How diffusion models work
Diffusion models are a kabbalistic miracle of math. At the core, they’re just incredibly advanced denoising systems, formally known as Denoising Diffusion Probabilistic Models (DDPMs), e.g. Stable Diffusion and DALLE-2.
During training, the model is shown hundreds of millions of images paired with text descriptions. To teach it how to "clean up" noisy images, we intentionally add random noise to each training image. The model’s job is to learn how to reverse it using the text prompt as a guide for where and how to remove the noise.
When you generate an image, the model performs this process in reverse. It starts with a latent space of pure random noise and gradually subtracts more and more noise with each diffusion step. It's synthesizing an image from scratch by removing all of the noise until the image remains, organizing the chaos into whatever you asked it to generate.
I think this is much easier to explain visually, so here’s an animation of each diffusion phase of Qwen Image generating Ty riding a skateboard:

Each frame in that GIF shows a separate de-noising step. You can see the noise gradually get removed as the image is unearthed from the chaos. I don’t really know how to describe why this is intellectually cool to me– it’s like you’re uncovering order from chaos.
Another cool thing you can do is an “image to image” flow by shoving an existing image into the latent space in place of the randomly generated noise. This is yet another mathematical miracle which allows you to generate images matching the style of another image.
Either way, the model is effectively synthesizing the image one pixel at a time and removing noise one component at a time.
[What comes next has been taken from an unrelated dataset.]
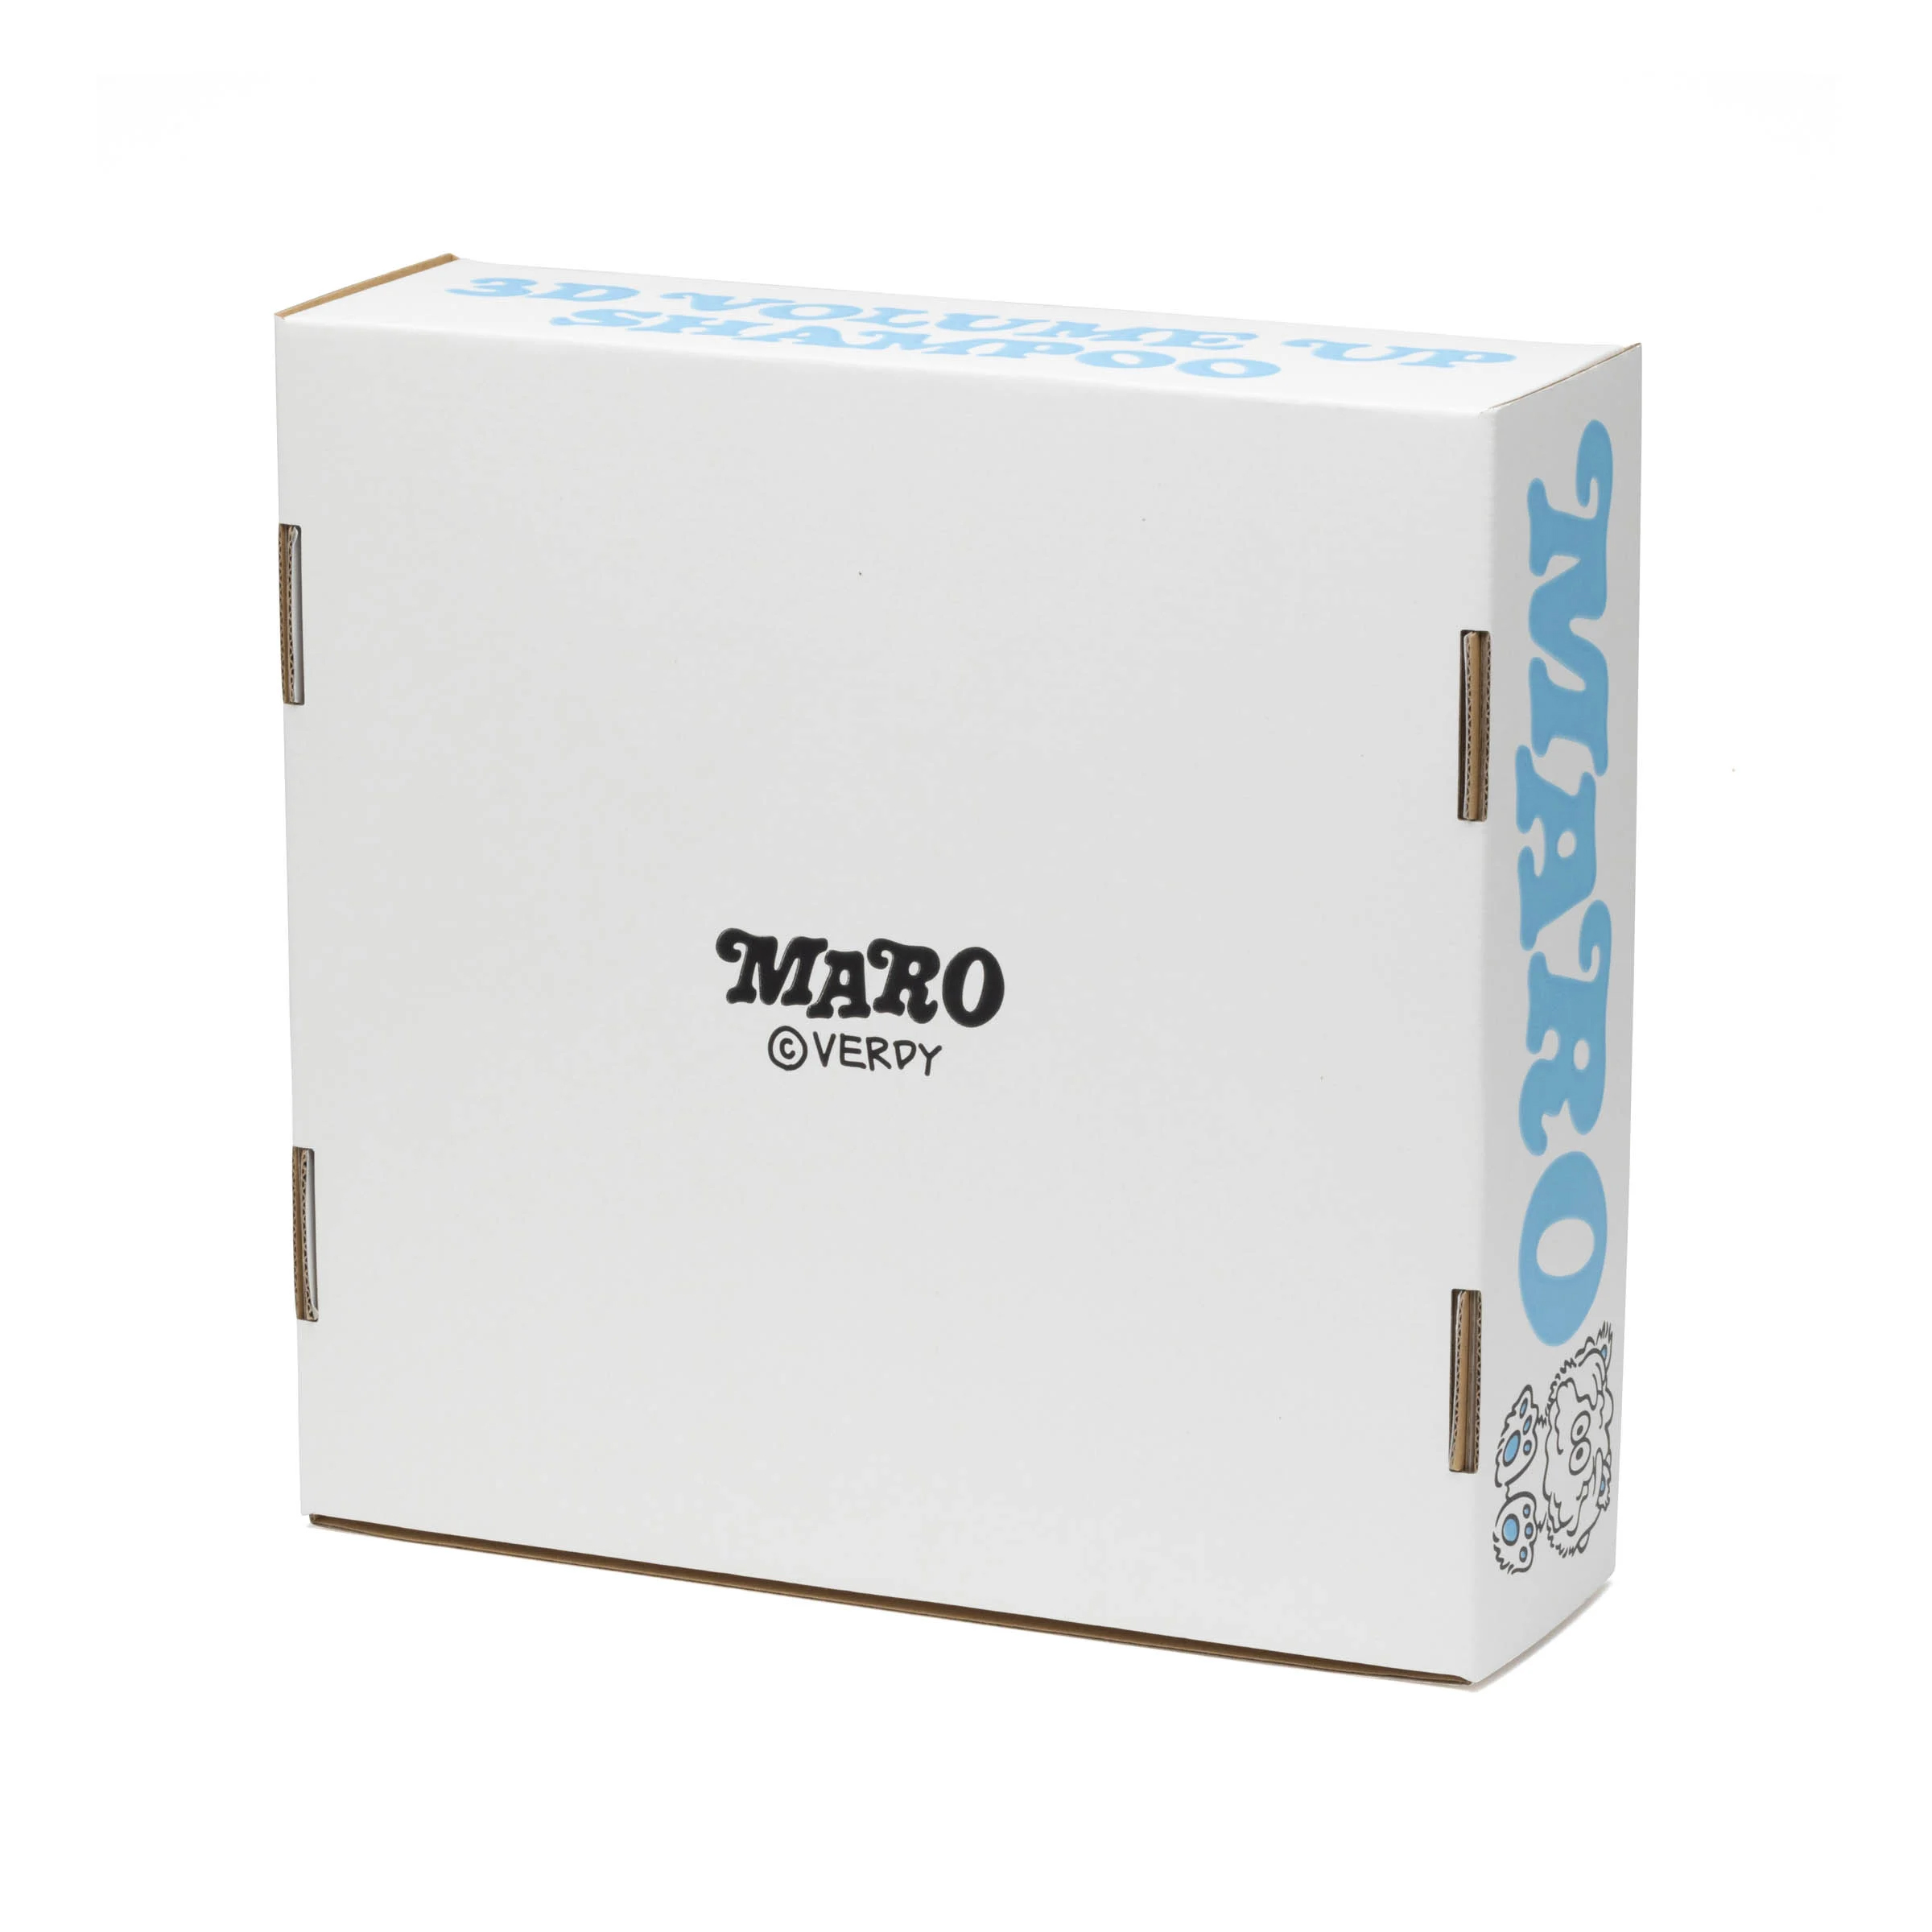 Verdy x MARO 限量版洗护礼盒发布– NOWRE现客

This works great for illustrations, scenery, and wallpapers; but the model doesn't handle text properly because it's going for pixel patterns instead of internally consistent symbols. This works great for our blog illustrations, but it means I have to add the text in after the fact instead of it being a fundamental component of the image. It'd be great if a model could just solve text rendering for me.
Qwen Image claims to have solved complex text rendering
One of the biggest weaknesses of open weights AI models is rendering text. Text is surprisingly complicated and bad AI text examples can be found all over the internet. This is bad enough for languages like English, but even worse for logographic languages like Chinese. One of my test prompts for this is a sign that says "我爱你" (I love you). Those characters are some of the most common in the Chinese language, so I’d expect them to be well represented in the training set.
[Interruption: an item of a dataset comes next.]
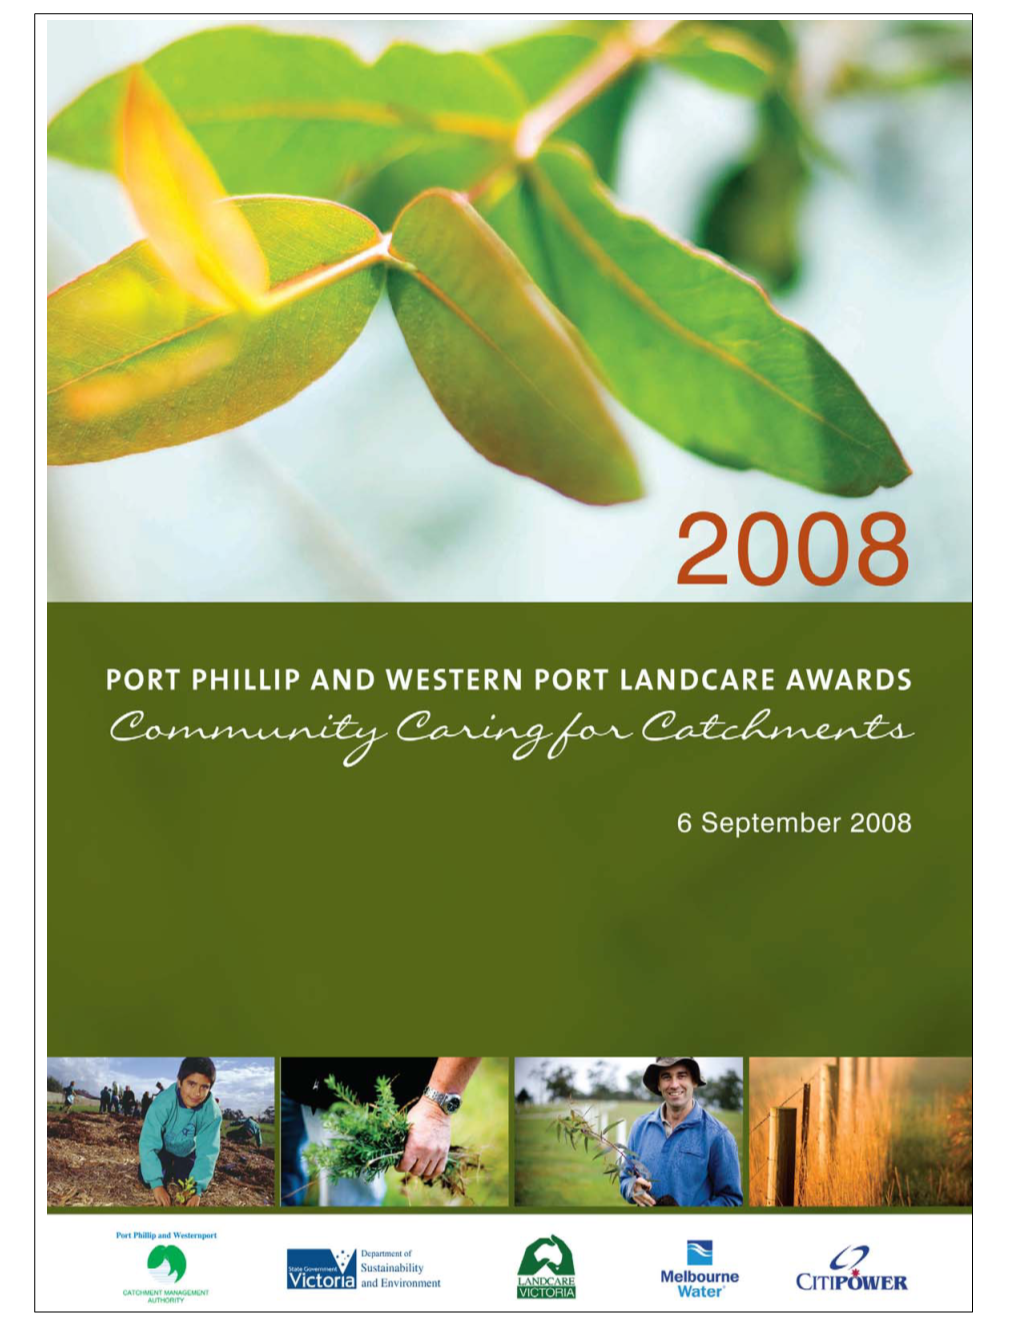 Port Phillip and Western Port Landcare Awards

Qwen claims to excel at “complex text rendering, including multi-line layouts, paragraph-level semantics, and fine-grained details.” In the paper, they compare the generation of text in a flat document, but how does it fare in more complex scenarios?
Figure 17 from the Qwen Image paper showing Qwen Image's text rendering capabilities compared to other models
Qwen claims to excel at "complex text rendering, including multi-line layouts, paragraph-level semantics, and fine-grained details." In the paper, they compare the generation of text in a flat document, but how does it fare in more complex scenarios? Let me test each of these capabilities systematically.
Multi-line layouts
Prompt: An anime woman holding a sign that says "我爱你" (I love you in Simplified Chinese) -- Left side is Stable Diffusion XL, right side is Qwen Image
This is night and day better, almost to a ridiculous level. 👏
Paragraph-level semantics
Next, let's test paragraph-level text rendering, such as the intro to the FitnessGram Pacer Test:
How it should read
The FitnessGram Pacer Test is a multistage aerobic capacity test that progressively gets more difficult as it continues. The 20 meter pacer test will begin in 30 seconds. Line up at the start. The running speed starts slowly but gets faster each minute after you hear this signal bodeboop. A single lap should be completed every time you hear this sound.
This also works with less common English words like "esuna" (an RPG spell that dispels temporary status effects like poison, paralysis, or sleep):
Prompt: A green-haired anime woman with long hair and green eyes wearing a black hoodie with "YOU CAN'T ESUNA LATENCY" in bold white letters. She is also wearing denim jeans. She is sitting at a picnic table outside in Seattle with a coffee next to her laptop. The laptop has a hexagonal logo on it. digital art, cinematic lighting, highly detailed, 4k, focused, looking at laptop, writing in notebook, space needle visible in distance. – Qwen Image
This looks…fine? The text is curved, but not draped. The multiline layout is pretty good.
Fine-grained details
Finally, let's test fine-grained text rendering with more complex scenarios:
In case you can’t see it, the pull string in the “U” of “YOU” is partially merged into the right side of the letter. The same is happening with the “N” in “CAN’T”. It’s like the objects aren’t being separated cleanly. I’m sorry for telling you about this because you are undoubtedly never going to be able to unsee this.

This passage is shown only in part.